▶ [Activity] Your copy should begin with the line containing "Stormo Tauro 1 48 Macchi C 205 Veltro", end with the line containing "Ruch samochodowy na", match the listing below exactly, and contain no pictures.

▶ [Records for the exercise]
********

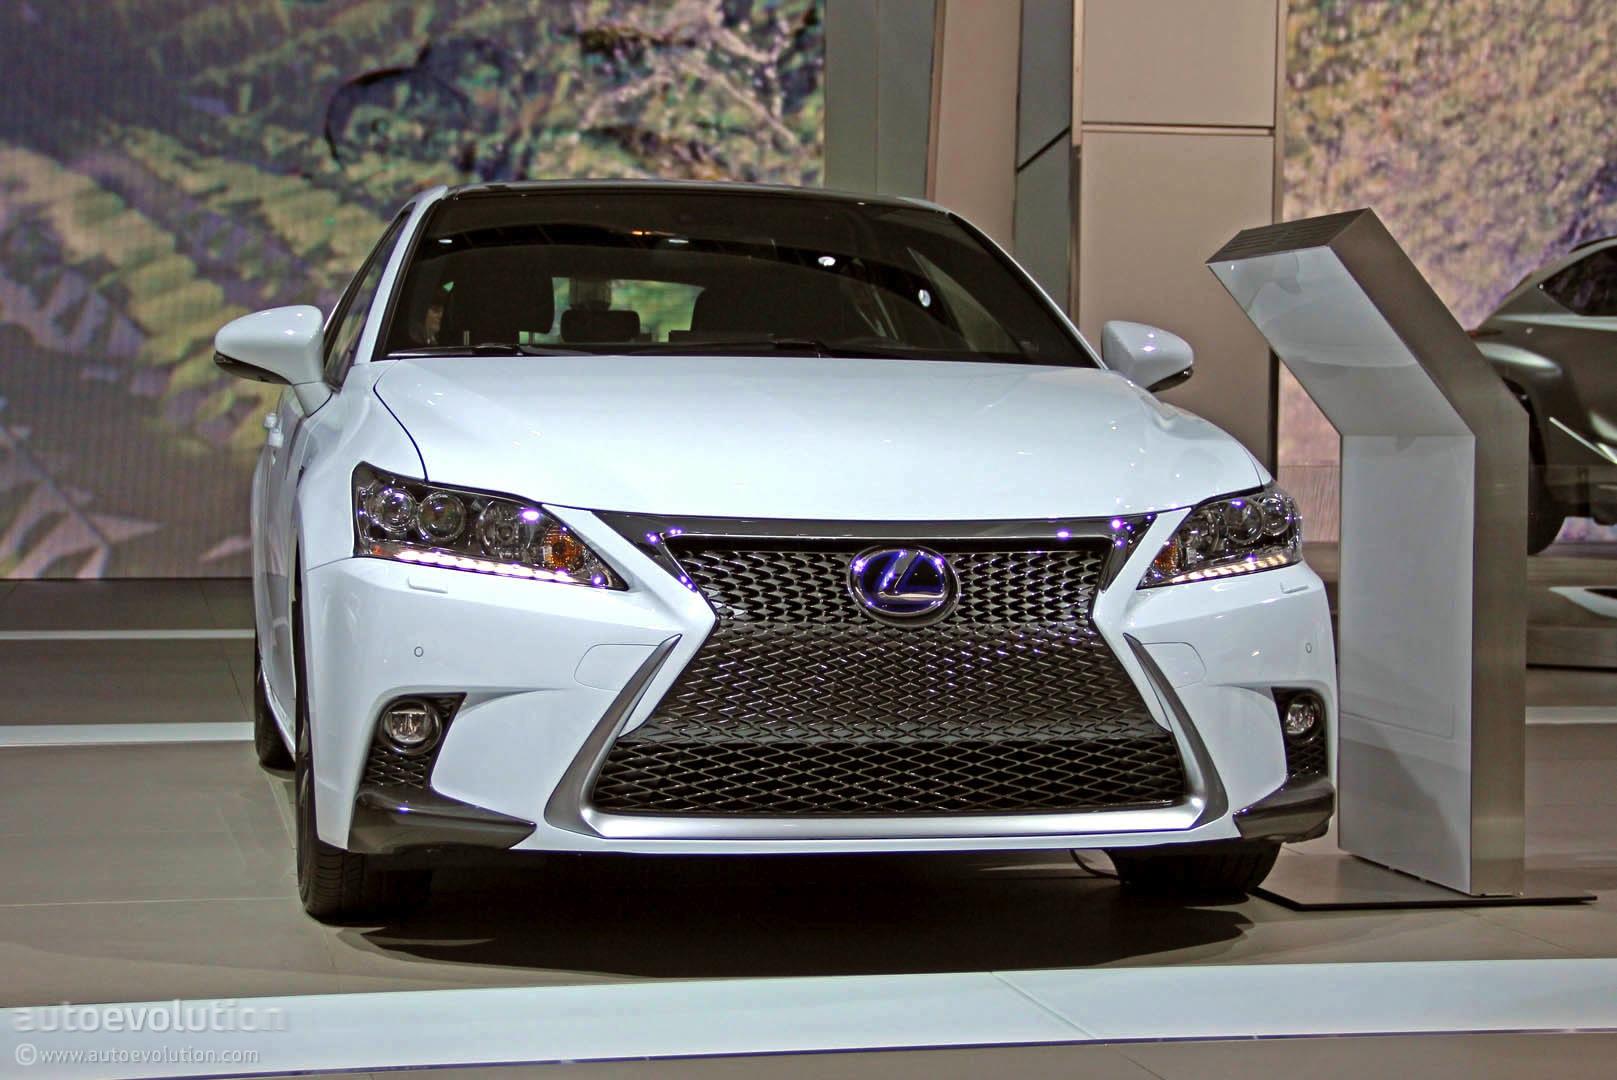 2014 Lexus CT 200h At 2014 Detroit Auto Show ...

********

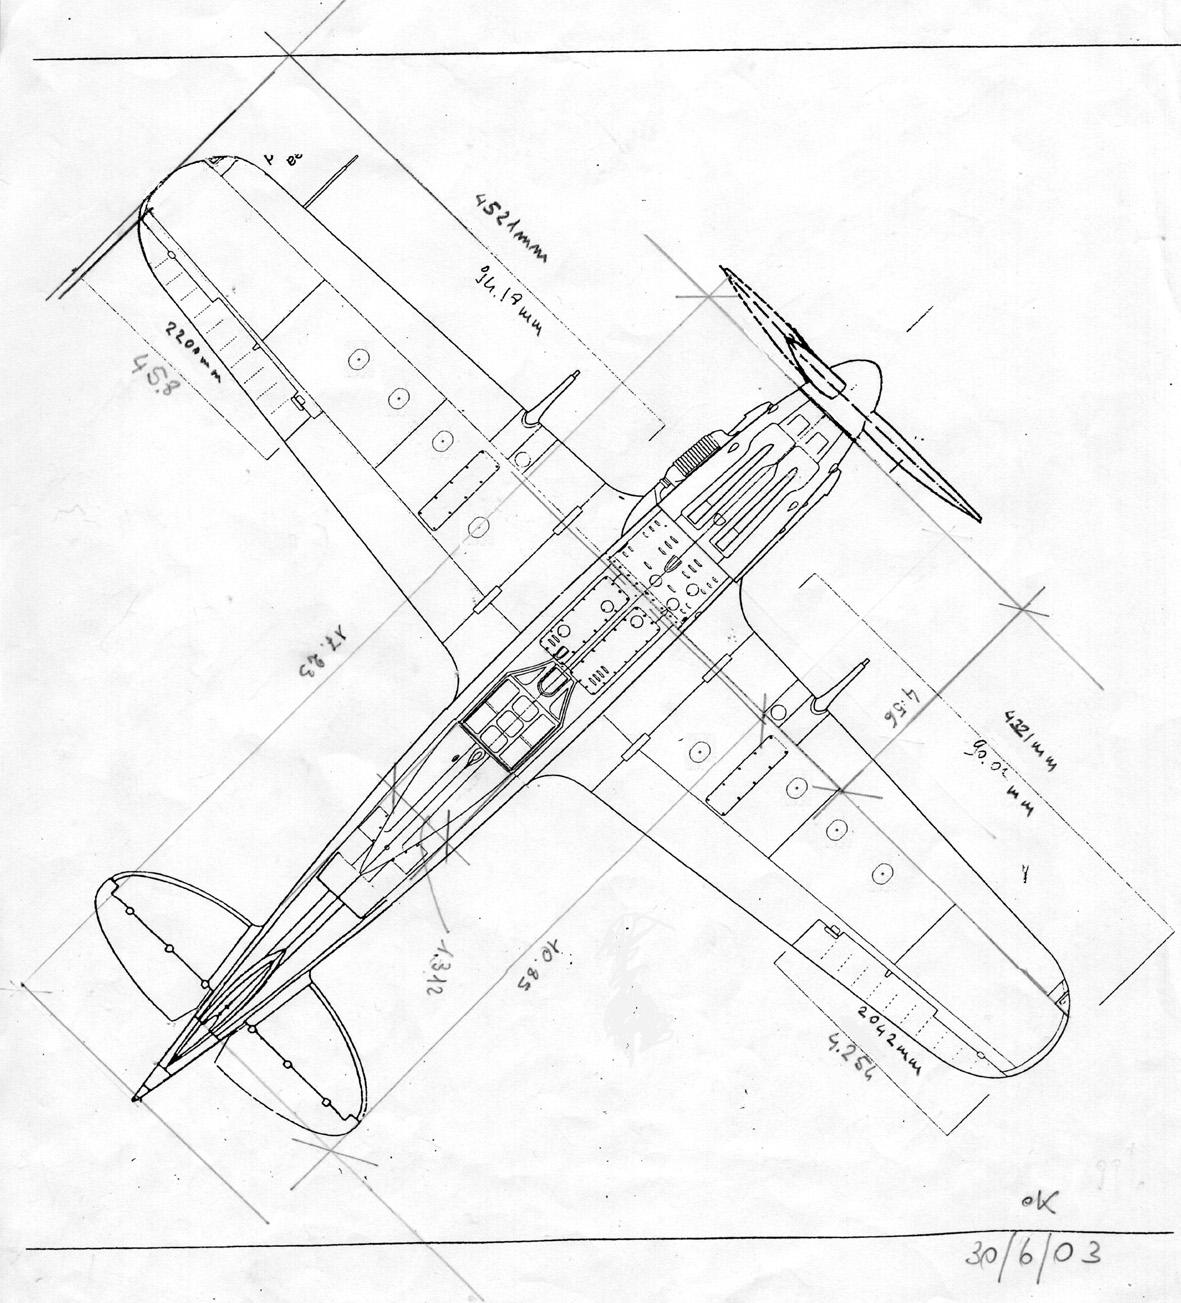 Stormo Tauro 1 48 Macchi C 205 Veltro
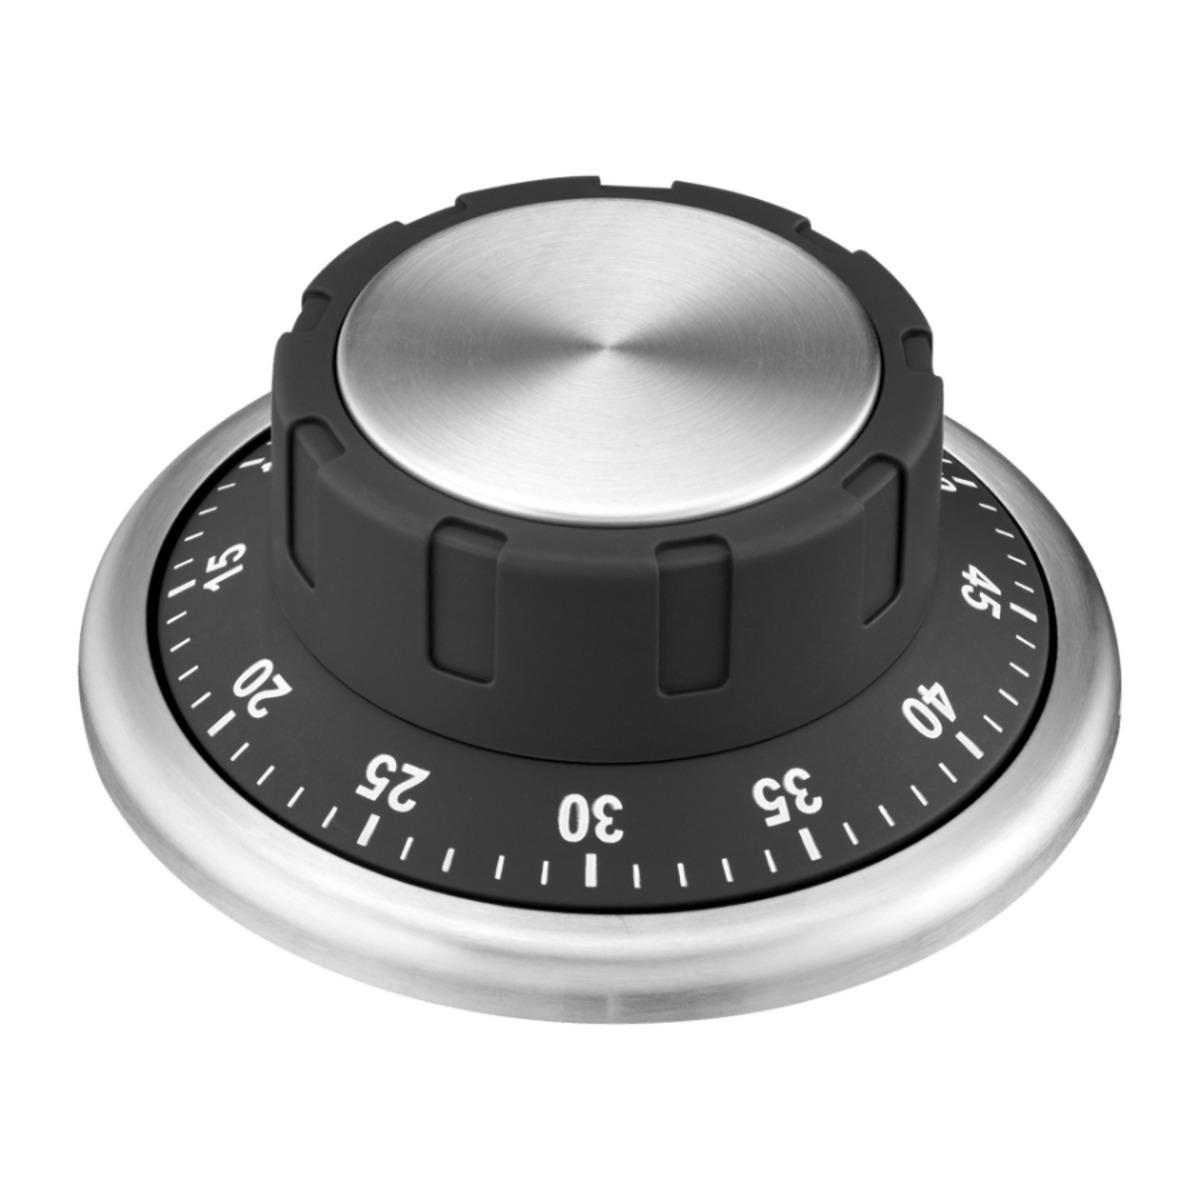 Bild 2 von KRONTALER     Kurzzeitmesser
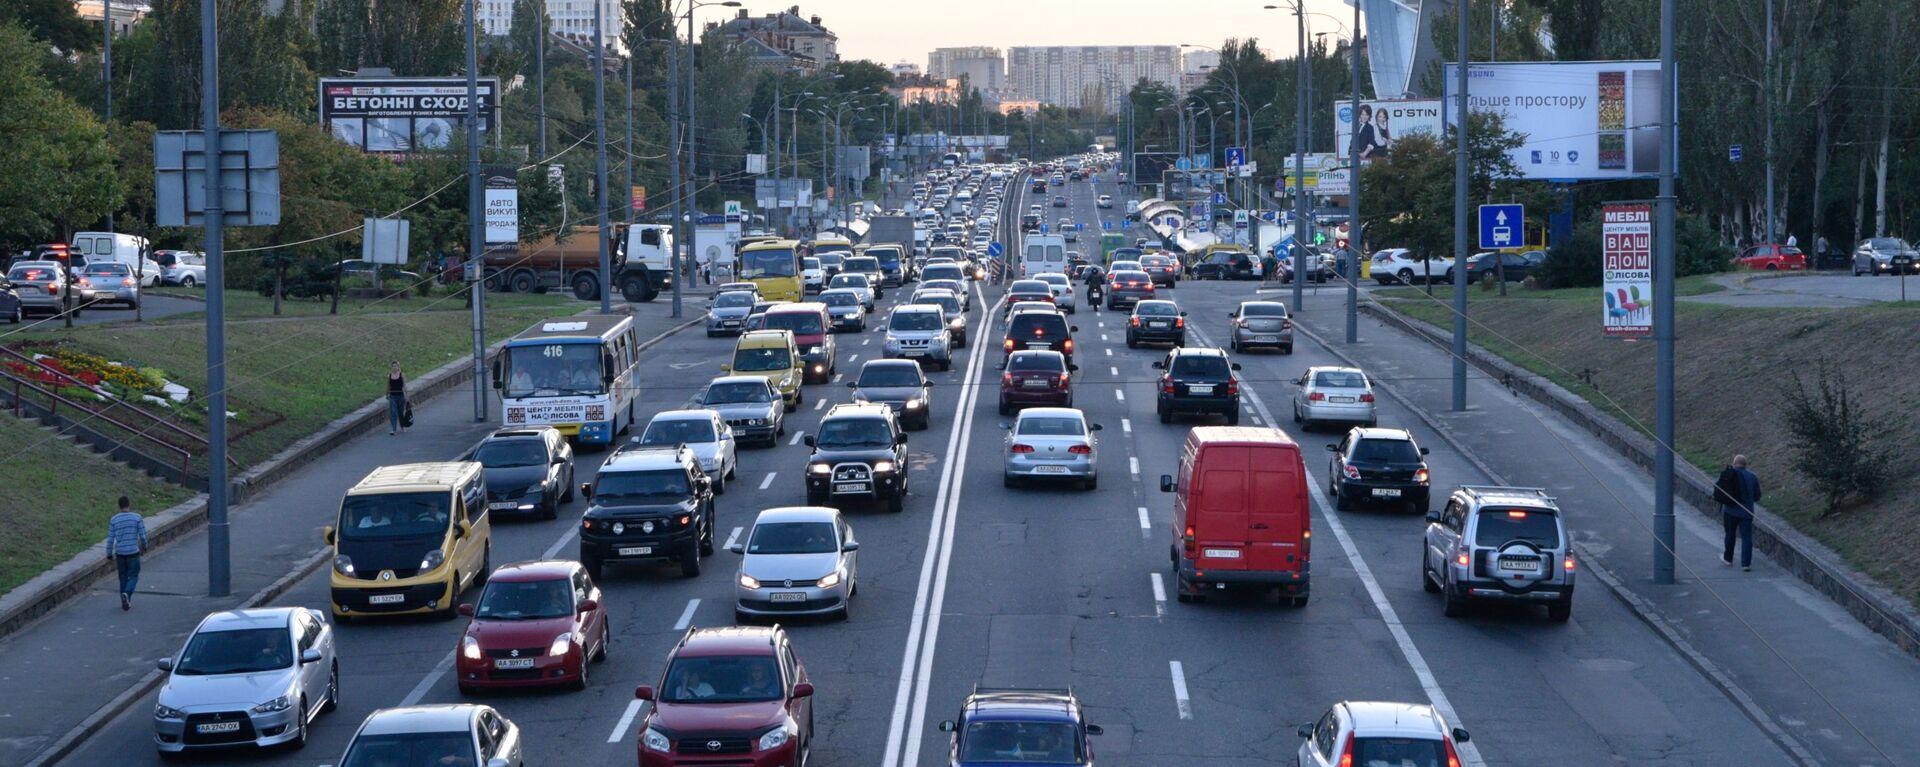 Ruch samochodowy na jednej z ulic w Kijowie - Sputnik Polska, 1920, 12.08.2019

********

▶ [Result below]
 Stormo Tauro 1 48 Macchi C 205 Veltro
 Bild 2 von KRONTALER     Kurzzeitmesser
 Ruch samochodowy na jednej z ulic w Kijowie - Sputnik Polska, 1920, 12.08.2019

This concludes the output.